Los Teques ) is the capital of the state of Miranda and the municipality of Guaicaipuro Municipality. It is located in the capital region of north-central Venezuela. More specifically, southwest of Caracas, 10° 21' 00" N latitude and 67° 02' 30" W Greenwich, 1,169 m above sea level. It is located in the Cordillera de la Costa, on the banks of the Río San Pedro, descending from an area located in the northeast. According to the Office for National Statistics in 2016, Los Teques has a population of 252,242 people. The city is considered to be part of the agglomeration known as Greater Caracas.

History

Fifty-two years after Guaicaipuro's death, the city of Santiago de los Altos was founded in 1620, the first city after the founding of Caracas. The founders, mostly of Spanish descent, arrived with Diego de Losada, perhaps where the name came from, in honor of the founding captain of Caracas. By the 1600s, Los Teques became part of the encomienda, and the conquered lands that currently include Los Teques were allocated to Andrés González, a companion of Francisco Fajardo and Francisco Tostado de la Peña. They then passed on to Captain Juan de Ascanio and Correa de Benavides, and the tradition of ownership continued with Diego de Miquilena, who sold it in 1684 to Doña Melchora Ana Tovar Ibáñez, the widow of Captain Juan de Ascanio. Seventy years later, the same land was owned by Juan de Ascanio and Correia de Benavides, by the end of the century

From 1772 onwards, the Spanish inhabitants of San Pedro de Los Altos began to relocate to a village that had only 99 inhabitants. Five years later, they founded their new settlement as Los Teques on 21 October 1777. The new town's name was derived from the Aractoeques Carabs, an indigenous tribe that once inhabited the area. On February 13, 1927, the capital of the Miranda State was moved to this city from Petare (before being in Petare, the capital of Miranda was in Ocumare del Tuy).

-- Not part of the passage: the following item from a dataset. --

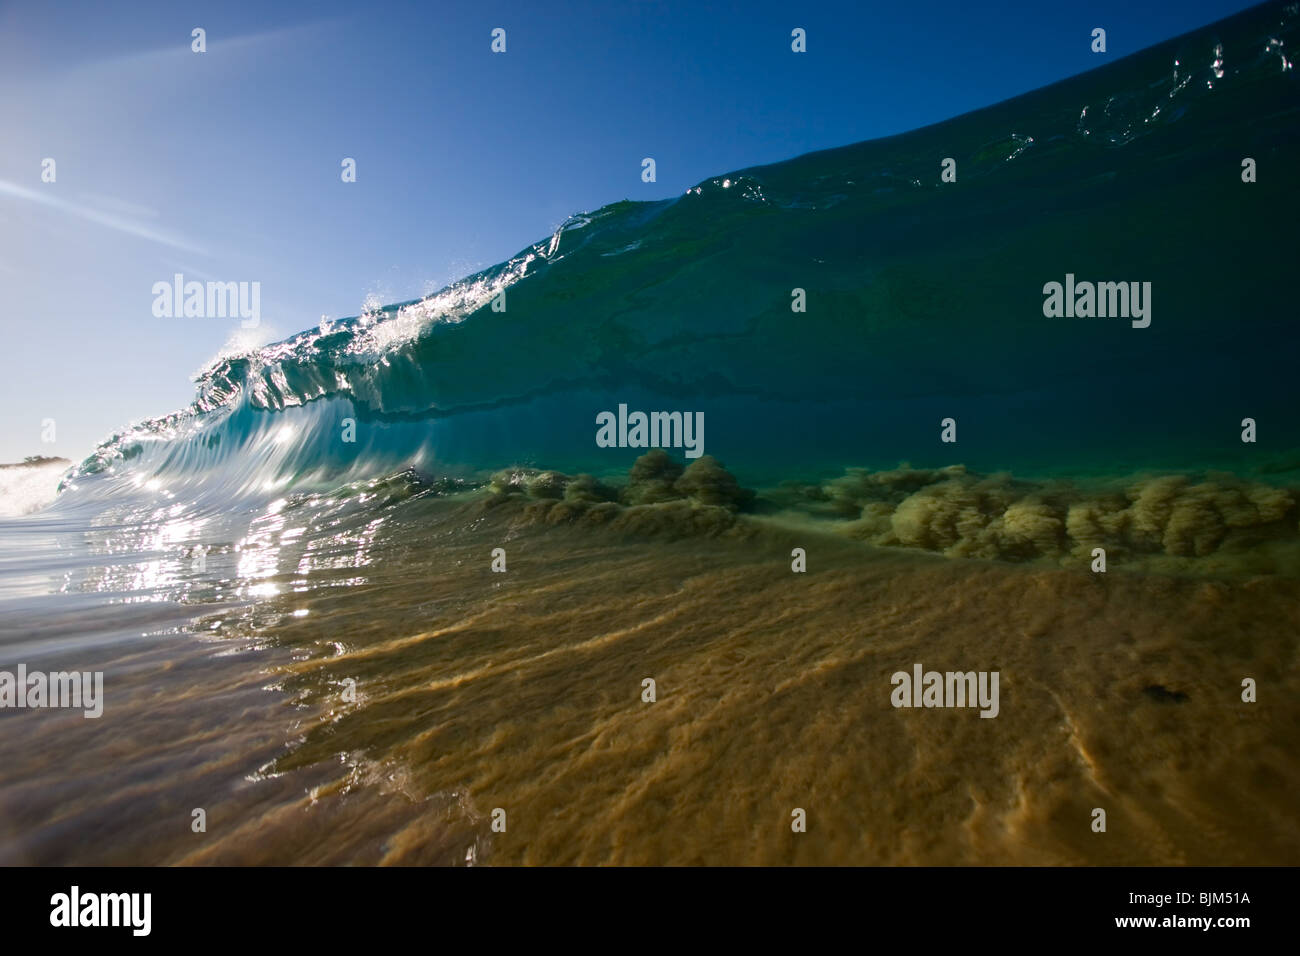 Eine glasige Shorebreak Welle zieht den Sand aus dem Boden, wie es in Zoll Wasser bricht. Stockfoto

Neighboring tribes that settled in the area were: Cumanagotos, Arahuacos, Tacariguas, Quiriquires, Caruaos, Tomuzas, Meregotes, Caracas. All of these peoples lived by hunting, farming, and a trade called barter. They also built houses called shacks, ranches or Troy huts using materials found in the area.

In 1781 it had 1,500 inhabitants, Alejandro de Homburg called it "a miserable town" in 1800, and in 1805 it had 2,800 inhabitants. At the end of 1810, after a long legal battle, the towns of San Pedro de los Altos and Carizal were civilly separated from the towns of Lostques to which they belonged. 

Neighboring tribes that settled in the area were the Kumanagotos, Arawacos, Tacaligua, Quirikiles, Caluaos, Tomza, Melegotes, and Caracas. All of these people made their living by hunting, farming, and a trade called bartering. They also built homes called huts, ranches, or Trojan huts from materials found in the area.

In 1781 it had a population of 1,500, while Alejandrode his Homburg called the city a "miserable city" in his 1800 and 2,800 in 1805. At the end of 1810, after a lengthy legal battle, the towns of San Pedro de los Altos and Carizal were civilly separated from the town of Rostoques, to which they belonged.

The Salesian founded San Jose High School with a long teaching career in 1912 and Francisco de Miranda High School in 1940. In 1950, the National Guard Training School was established, and in 1965, the vicar of Los Teques was elevated to a diocese, whose first bishop was Bishop Juan José Bernal, with 37 dioceses. In 1970, the National Institute of Science and Technology for the Petroleum Industry (INTEVEP) was established on land near Quebrada de la Virgen, and in 1971 the University College of the Capital Region became operational. In October 1979, Ateneo de Los Teques was established.

Geography
Temperature: Varies from 18 and 26 degrees Celsius (64.4 and 78.8 degrees Fahrenheit).

Transportation
On November 3, 2006, President Hugo Chávez inaugurated the Los Teques Metro. This metro system is connected to the Caracas Metro system.